A third estimate, from a May report commissioned by the National Science Foundation and based on 2022 BLS data, puts the range between 164,000 and 3,492,000, depending on how broad a definition of "cybersecurity worker" is used.

Cybersecurity talent gap

Every estimate of the supply of talent for cybersecurity professionals indicates there is a wide gap in the number of workers qualified to do the work and the number of jobs they can fill, and that there is a very low amount of unemployment in the field.

Cyberseek data indicates that there are only enough cybersecurity workers in the U.S. to fill 83% of the jobs that employers demand. The ISC2 estimate found that the North American cybersecurity workforce gap in 2024 was 542,687, which was 4% higher than the year before.

The acting CEO of ISC2, Debra Taylor, cited economic conditions as one possible driver of this increase in the talent gap.

"As economic conditions continue to impact workforce investment, this year's Cybersecurity Workforce Study underscores that many organizations are putting their cyber teams under significant strain, risking burnout and attrition as job satisfaction rates fall," Taylor said.

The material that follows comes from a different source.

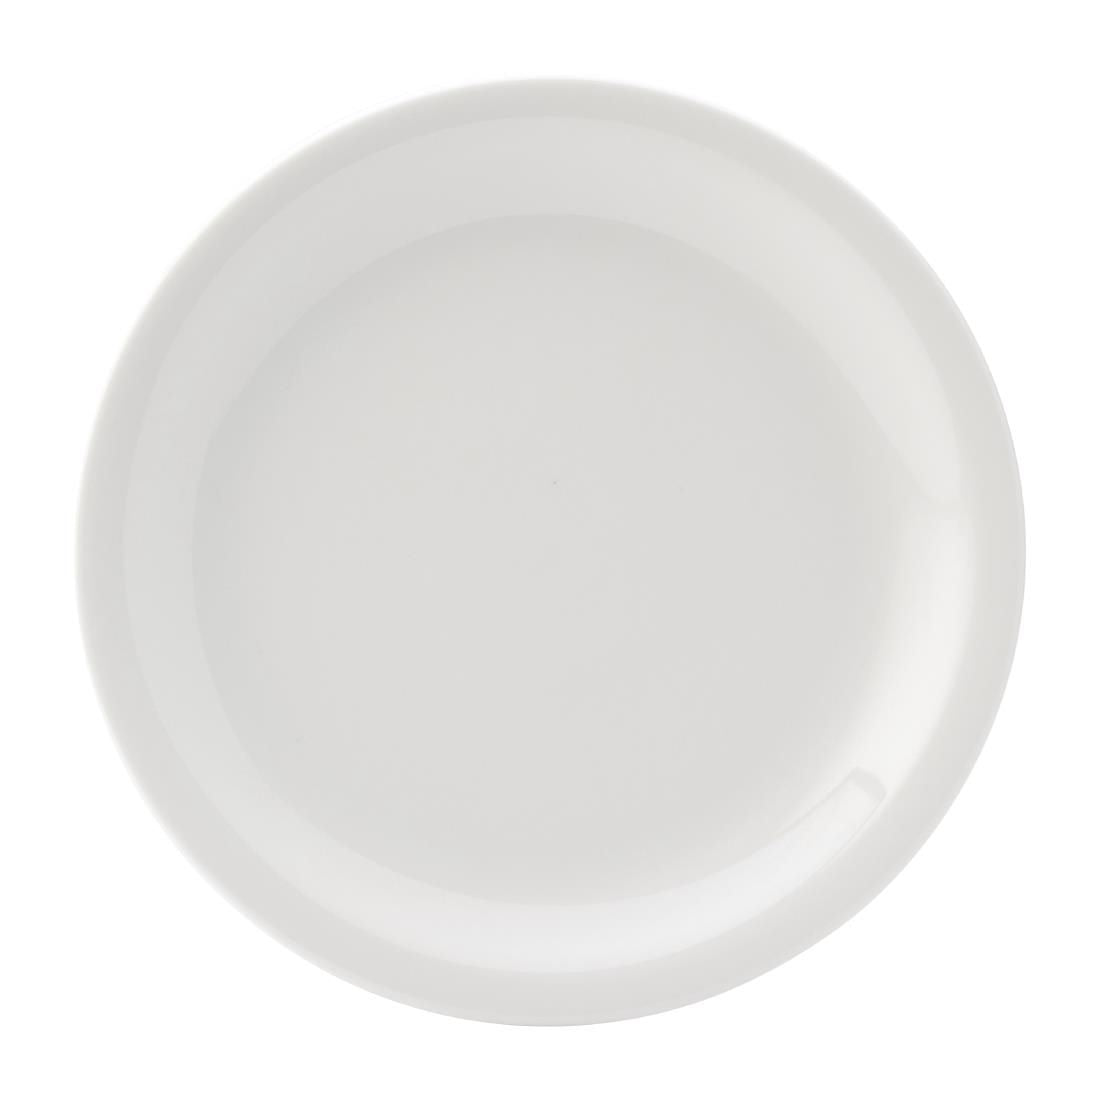 DY317 Utopia Titan Narrow Rimmed Plates White 220mm (Pack of 24)

In its study, NSF found that unemployment rates among cybersecurity workers were extremely low compared to its estimates of the number of workers in the field, with an estimate of between 2,500 to 74,000 individuals, putting the unemployment rate for the field between 1% and 2%.

What might be driving the gap

The NSF report also analyzed data on the education pipeline for cybersecurity professionals, finding that it was growing quickly and producing graduates at every degree level, from certificates to Ph.D.s.

The rapid growth "could constitute evidence that the United States does not lack a quantity of new workers and that, instead, the workforce gap is driven by other factors, such as an unclear pipeline and lack of clear data about the skills, knowledge, and credentials needed in the workforce," according to the NSF report.

The researchers who wrote the report also interviewed cybersecurity workers and industry leaders as part of the task. Interviewees emphasized that job openings frequently require work experience in an adjacent computer science job. Industry leaders surveyed said that experience levels, work roles, credentials and certifications required vary widely and are not consistent across cybersecurity jobs.

Social media comments by cybersecurity specialists also revealed frustrations around the work and educational experience that employers require of entry-level cyber professionals. A post about the U.S. job market for cybersecurity, made on the Reddit community for cybersecurity last year, garnered many comments about the entry level market being "completely saturated" and mid- to upper-level jobs being more competitive.

One user commented that the market for entry-level positions is fine, so long as the applicant has a master's degree and 10 years of experience.